Expanding on those points:
Should EA be small and elite (i.e. to influence important/powerful actors) or broad and welcoming?
How many people should earn to give and how effective is this on the margin? (Maybe not a huge debate but a lot of uncertainty)
How much/should we grow EA in non-Western countries? (I think there’s a fair deal of ignorance on this topic overall)
Related to D&I:
How important is academic diversity in EA? And what blindspots does the EA movement have as a result?
I don’t think all of these have been always publicly discussed, but there is definitely a lack of consensus and differing views.
I think there’s quite a large diversity in what people in EA did in undergrad / grad school. There’s plenty of medics and a small but nontrivial number of biologists around, for example.
What they wish they’d done at university, or what they’re studying now, might be another matter.
Expanding on those points: Should EA be small and elite (i.e. to influence important/powerful actors) or broad and welcoming? How many people should earn to give and how effective is this on the margin? (Maybe not a huge debate but a lot of uncertainty) How much/should we grow EA in non-Western countries? (I think there’s a fair deal of ignorance on this topic overall)

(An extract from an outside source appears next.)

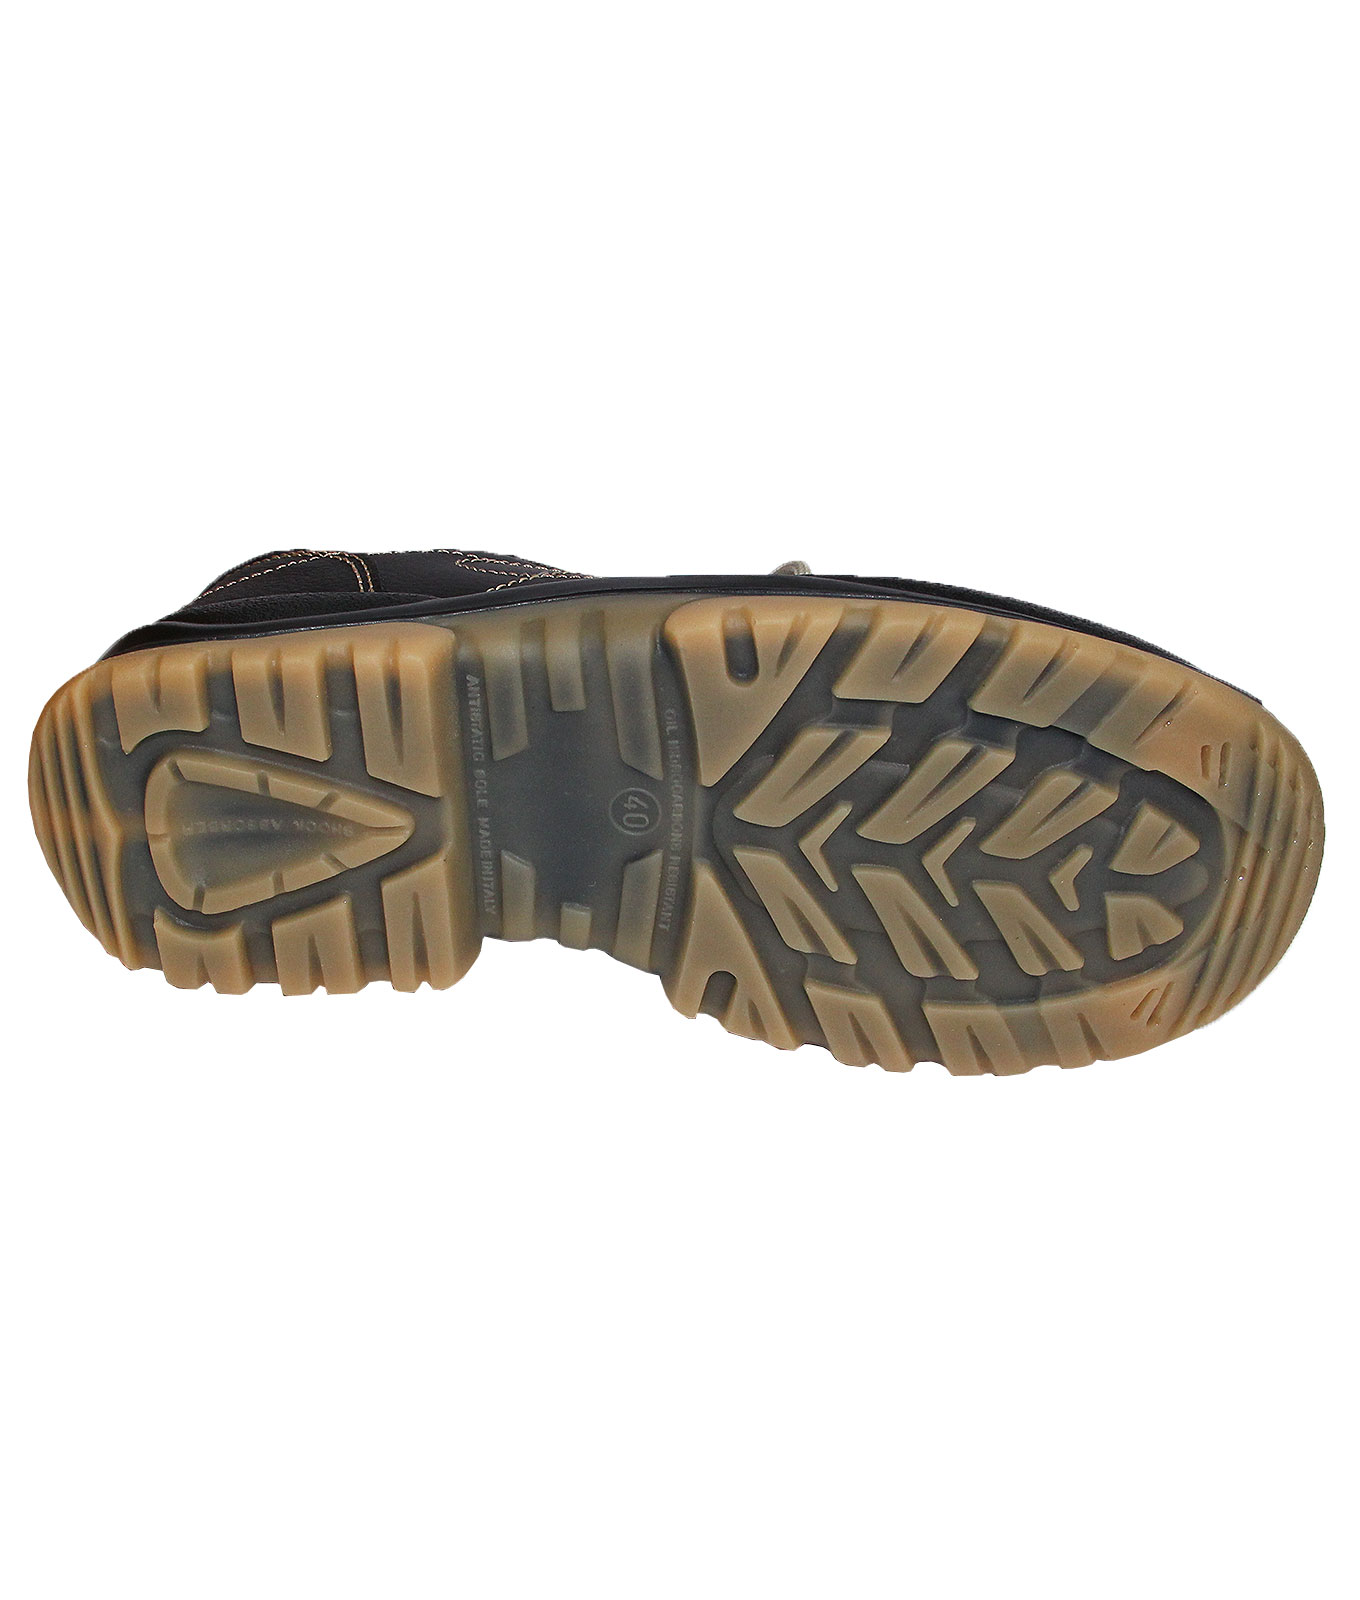 Tropea παπούτσια εργασίας 5

Related to D&I: How important is academic diversity in EA? And what blindspots does the EA movement have as a result?
I don’t think all of these have been always publicly discussed, but there is definitely a lack of consensus and differing views.
What does “academic diversity” mean? I could imagine a few possible interpretations.
Getting people from non-STEM backgrounds, specifically non-econ social sciences and humanities.
I read it as ‘getting some people who aren’t economists, philosophers, or computer scientists’. (:
(Speaking as a philosophy+economics grad and a sort-of computer scientist.)
I think there’s quite a large diversity in what people in EA did in undergrad / grad school. There’s plenty of medics and a small but nontrivial number of biologists around, for example.
What they wish they’d done at university, or what they’re studying now, might be another matter.